Colin Clarke

Personal information
- Date of birth: 4 April 1946 (age 78)
- Place of birth: Glasgow, Scotland
- Height: 6 ft 1 in (1.85 m)
- Position(s): Central defender

Youth career
- 0000–1963: Arthurlie

Senior career*
- Years: Team / Apps / (Gls)
- 1963–1965: Arsenal / 0 / (0)
- 1965–1978: Oxford United / 444 / (23)
- 1978: Los Angeles Aztecs / 17 / (0)
- 1978–1979: Plymouth Argyle / 35 / (3)
- 1979–1982: Kettering Town / 0 / (0)
- Total:  / 496 / (26)

Managerial career
- 1979–1982: Kettering Town

= Colin Clarke (footballer, born 1946) =

Scottish footballer and manager

Colin Clarke (born 4 April 1946) is a Scottish former professional football player and manager. Clarke, who played as a central defender, spent the majority of his career in England – minus a one-season stint in the North American Soccer League – and made nearly 500 career league appearances.

==Career==
Born in Glasgow, Clarke began his career in his native Scotland with Arthurlie, before moving to English giants Arsenal in 1963. Clarke never made a league appearance for Arsenal, and later played for Oxford United, the Los Angeles Aztecs, and Plymouth Argyle before becoming player-manager of Kettering Town.

==Coaching career==
Clarke spent three years in charge of Kettering Town. In July 1991, Clarke became assistant manager at Lincoln City. After six months in the role, the club activated a contractual clause to cancel his two-year contract following his failure to relocate his home to Lincoln as agreed. In July 1992 he became youth development officer at Reading but lasted just four months before departing with the Royals youth team bottom of the South East Counties League Division Two. He was then appointed youth team coach at Aston Villa in February 1993.

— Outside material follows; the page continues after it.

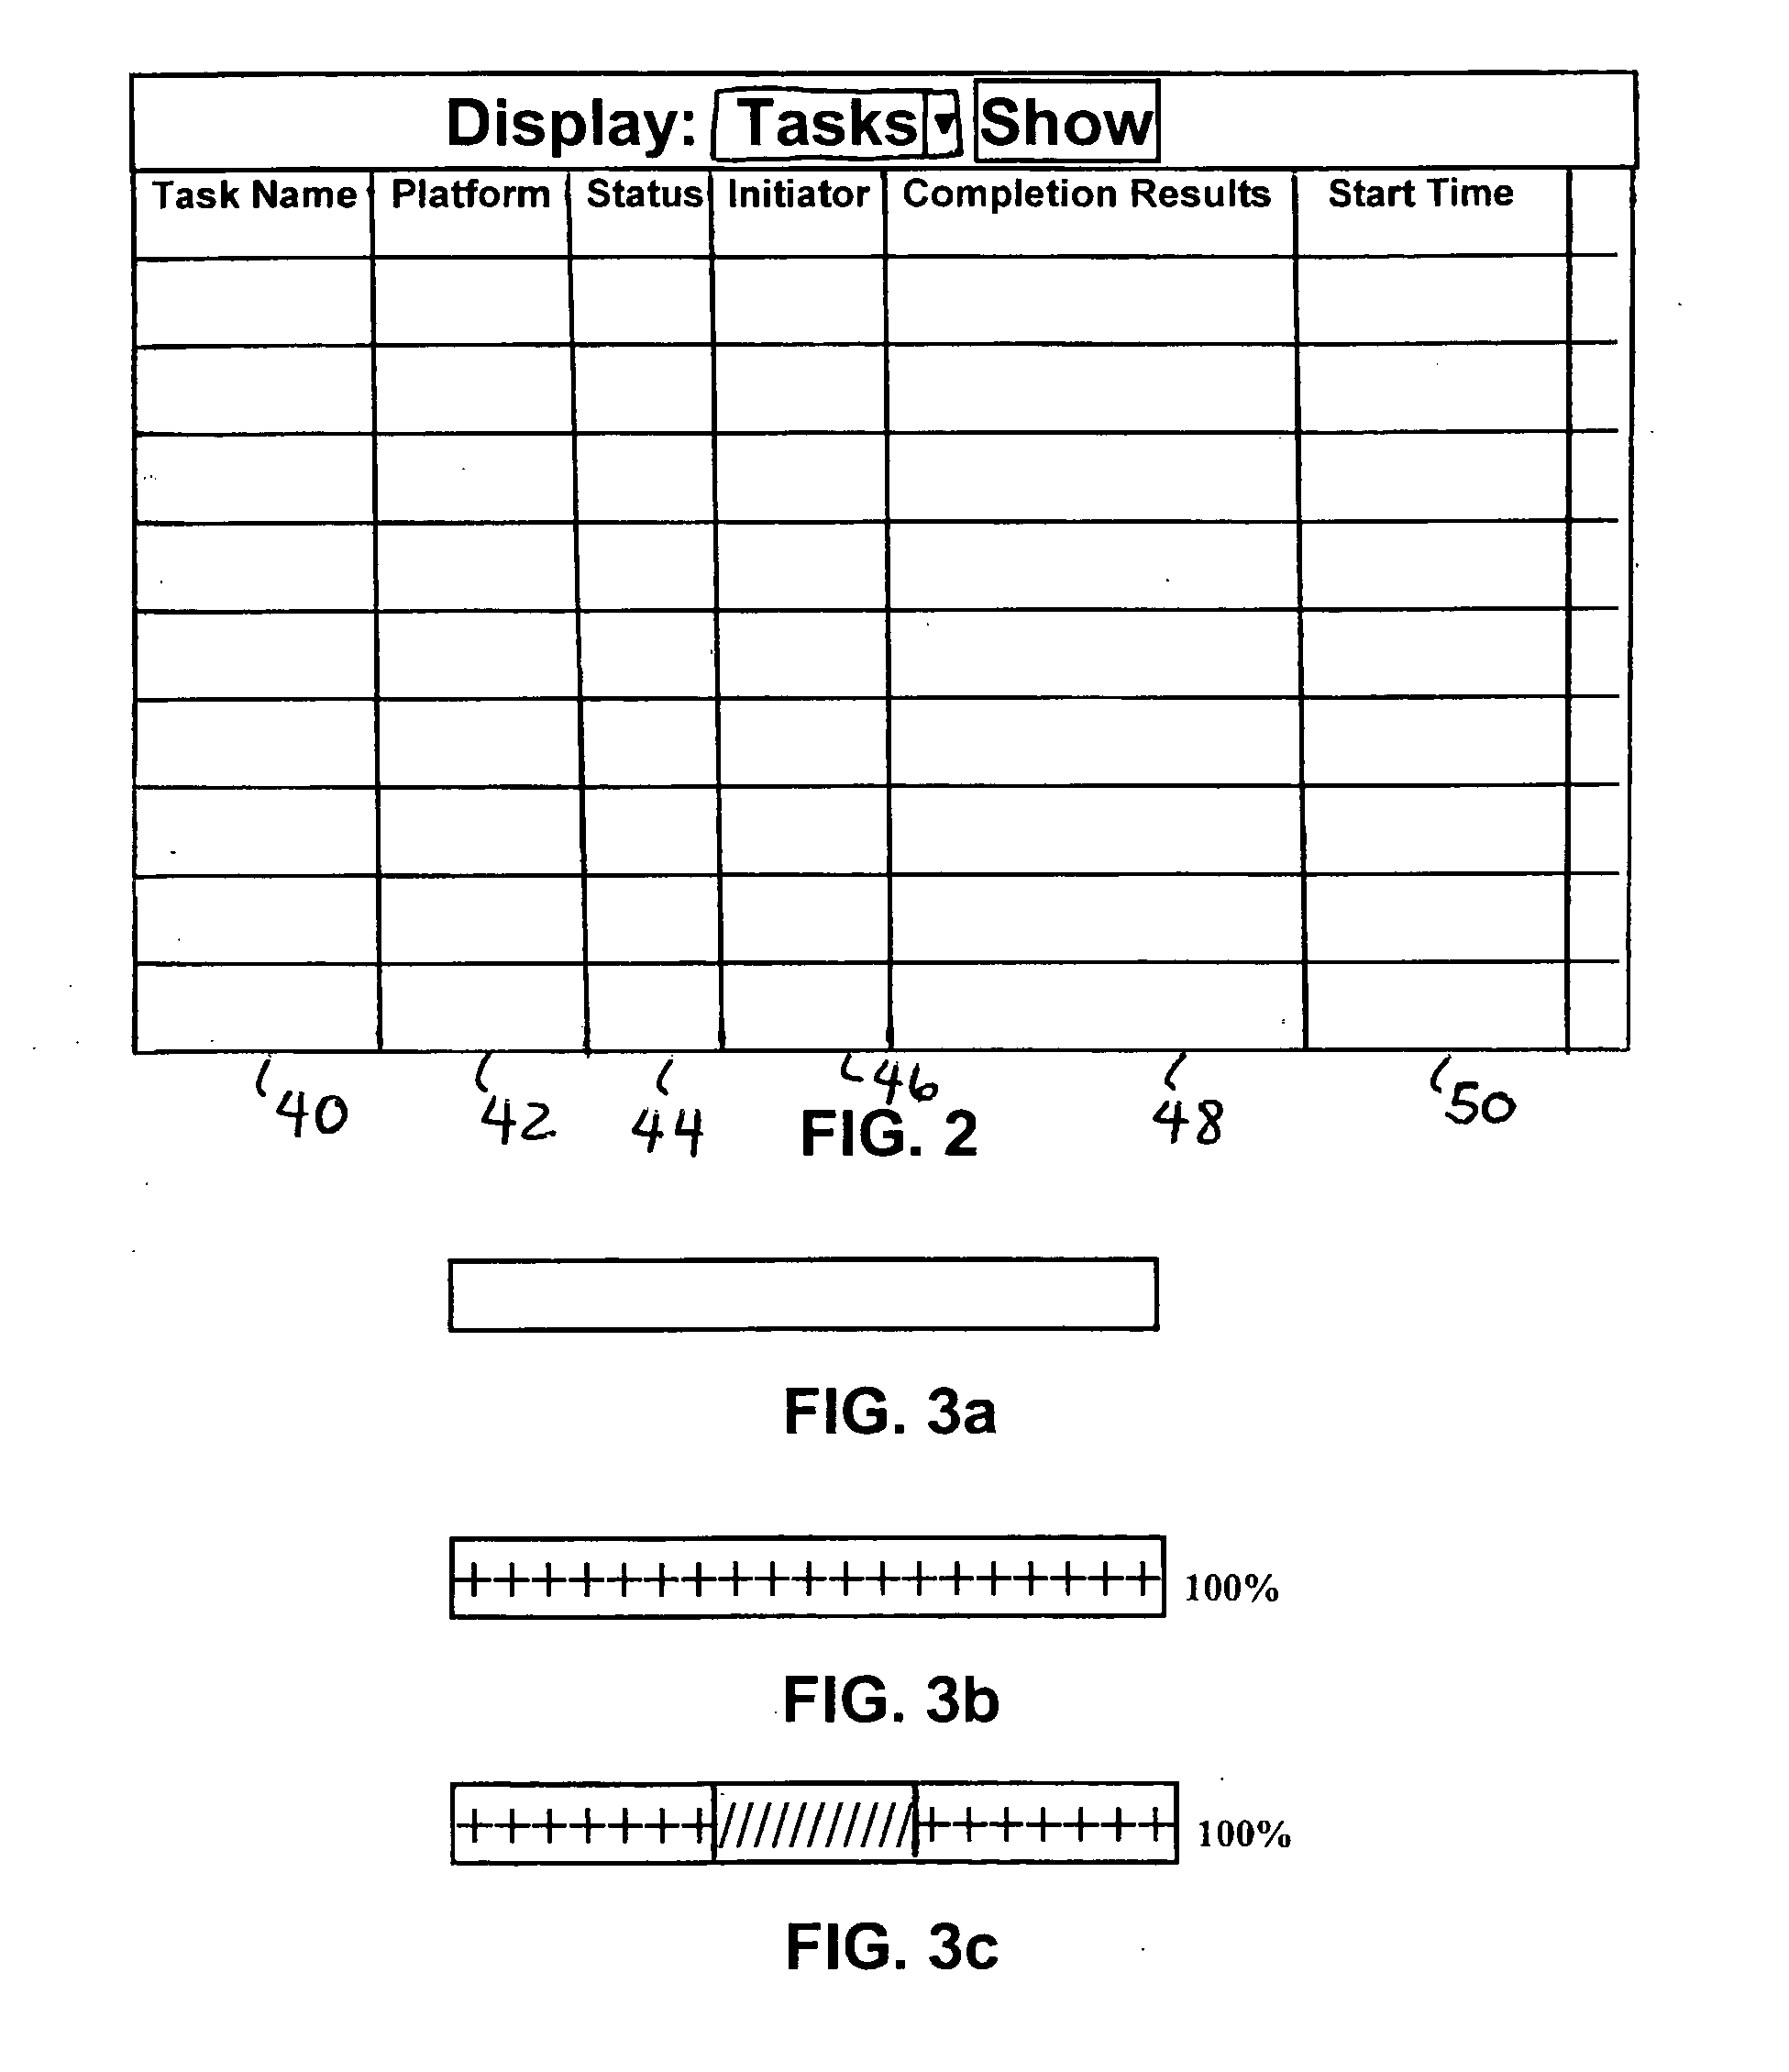 Method for indicating completion status of user initiated and system created tasks

In 2003 he was appointed assistant head men's soccer coach at the University of Tulsa. He was named both the 2009 NSCAA Midwest Region Assistant Coach of the Year, and the 2009 National Soccer Coaches Association of America Assistant Coach of the Year. After nine seasons at Tulsa, the conclusion of the 2011 season saw Clarke announce his retirement from coaching.